David and Santa Lucia are also co-owners of Santa Lucia Global LLC videography company. Santa Lucia hopes to see his company expand nationwide and become “majorly successful.”

“It was a mixture of my brother and his fitness competition that prompted it and also the fact that he was he was into modeling and so we kind of took those ideas and thought what more can we do this and figured that professional videography as a production team was probably the best route for this,” Santa Lucia said.

They moved to Las Vegas on Nov. 28 because they felt more videography opportunities are available and it is “the center of attention.” Santa Lucia “can’t make any guarantees” but he plans to stay enrolled in UB and take online classes for as long as he can.

“We are the experts and we want people to know that we are the experts,” Santa Lucia said.

Santa Lucia and his brother work with a representative from Colorado to expand their company. They plan to create promotional videos for models, work with music videos and work in casinos.

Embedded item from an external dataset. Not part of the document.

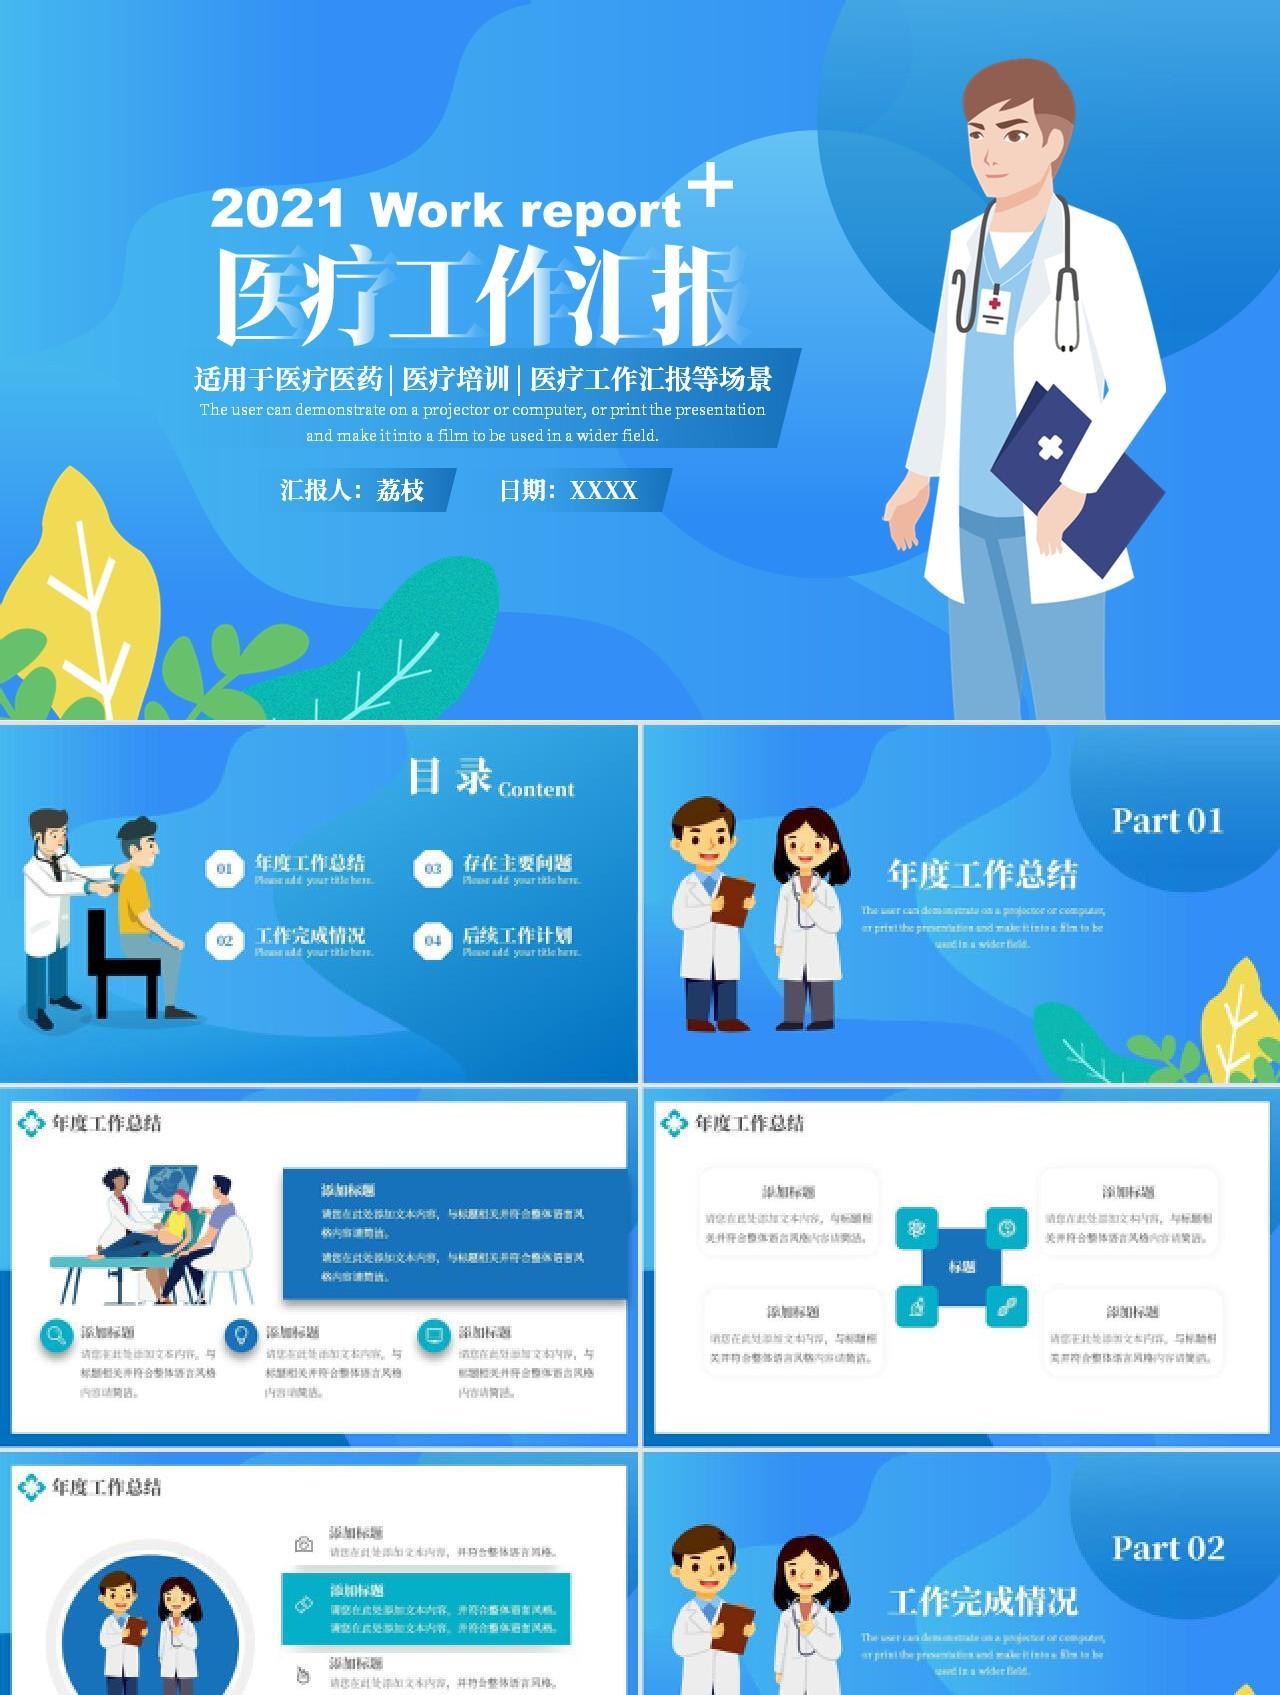 2021蓝色扁平插画风医疗医药行业通用PPT模板

Santa Lucia described him and his brother as “crazy thinkers” and sees himself going somewhere “where no one can ever possibly imagine but in our own heads we understand we’re going to get there.”

Santa Lucia emphasized in surrounding oneself with people who “think big.”

Santa Lucia thinks his move will positively impact his bodybuilding career because he feels there are more Natural Muscle Association shows out west. He hopes to compete in more shows in the spring and become a professional bodybuilder.

“If you really want to do something, just do it and don’t let what anyone else says influence you because that’s going to kill you,” David said.